Впереди шли капуцины, отличавшиеся от других монахов длинными бородами; то были как бы саперы армии верующих. Затем следовали капуцины безбородые, среди них много мужественно благородных и даже несколько юношески красивых лиц; широкая тонзура очень шла к ним, головы, казалось, оплетены были красивыми венками волос и вместе с голой шеей очень грациозно подымались над коричневой рясой. Затем следовали рясы других цветов - черные, белые, желтые, разноцветные, надвинутые на лоб треугольные шляпы, - словом, все те принадлежности монастырского одеяния, с которыми мы давно знакомы благодаря стараниям нашего управляющего театрами. За монашескими орденами шествовали собственно священники - белые балахоны поверх черных панталон и цветные шапочки; за ними двигались священники высшего ранга, укутанные в пестрые шелковые покрывала, на головах - род высоких шапок, вероятно египетского происхождения, знакомых нам из книг Денона*, по "Волшебной флейте"* и по Бельцони*; у всех заслуженные физиономии, - по-видимому, они составляли нечто вроде старой гвардии.

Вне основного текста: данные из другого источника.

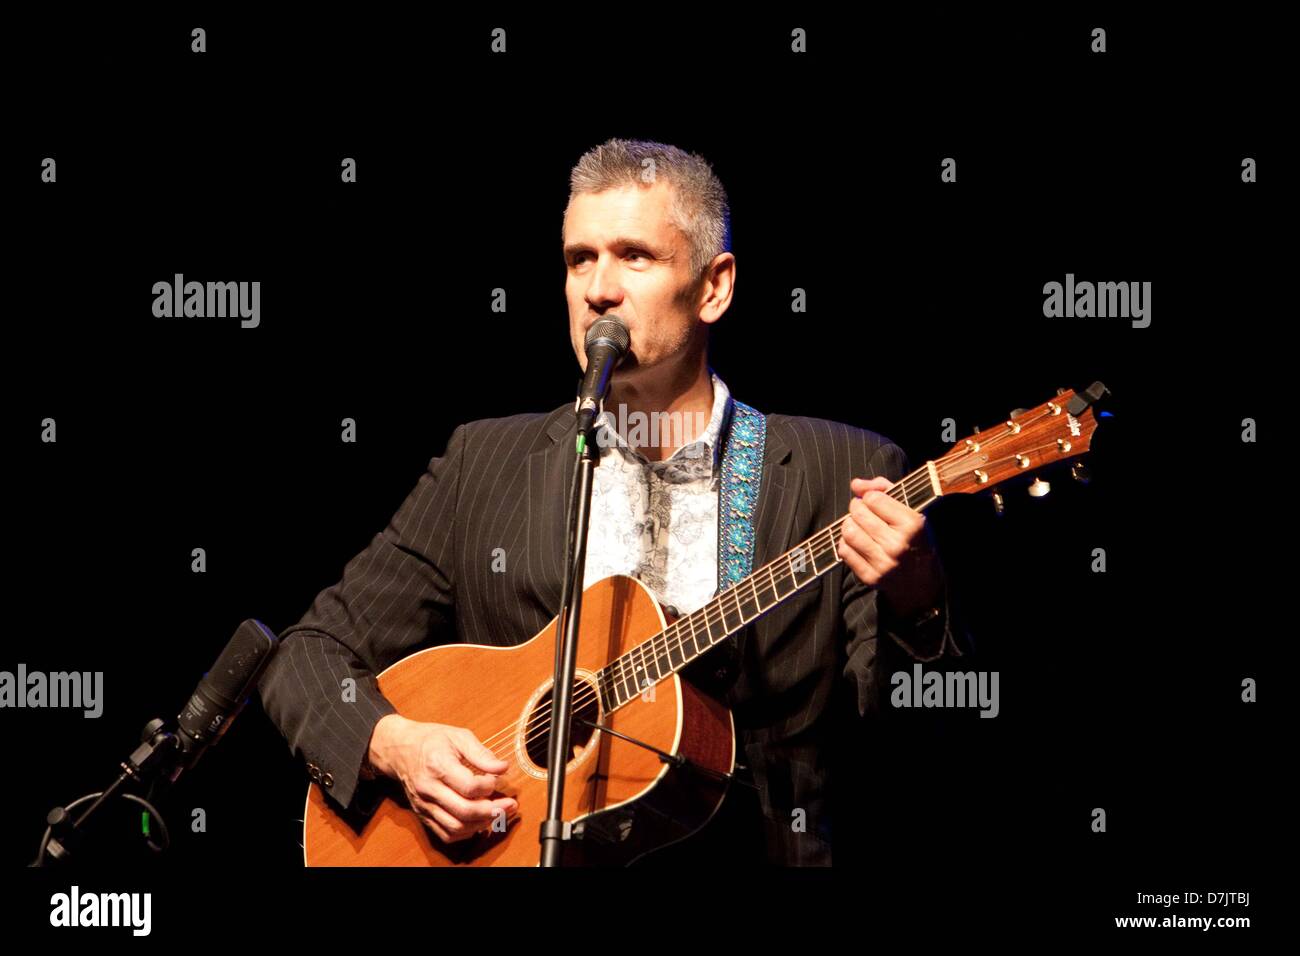 Guildford, Surrey, UK. 8th May 2013. Curtis Stigers performing on the first night of his 'Up Close and Personal' tour at GLive, Guildford. Credit:  Andrew Spiers / Alamy Live News Stock Photo

Наконец показался собственно штаб, - балдахин и под ним старик в еще более высокой шапке и в еще более богатой ризе, концы которой несли, наподобие пажей, два старика, одетых точно так же.
Передние монахи шли, скрестив руки, в суровом молчании, но те, что были в высоких шапках, пели нечто весьма плачевное: они так гнусавили, захлебывались, курлыкали, что если бы евреи составляли народное большинство и их религия была государственной, подобных певчих - я в этом убежден - прозвали бы "иудейскими". По счастью, пение было слышно только наполовину, так как за процессией следовало, с громким барабанным боем и свистом, несколько рот солдат и, кроме того, по обеим сторонам рядом с духовенством маршировали попарно гренадеры. Солдат было едва ли не больше, чем духовенства; но ведь в наше время для поддержания религии требуется много штыков, и если, с одной стороны, преподается благословение, то издали вместе с тем должны слышаться многозначительные раскаты пушечной пальбы.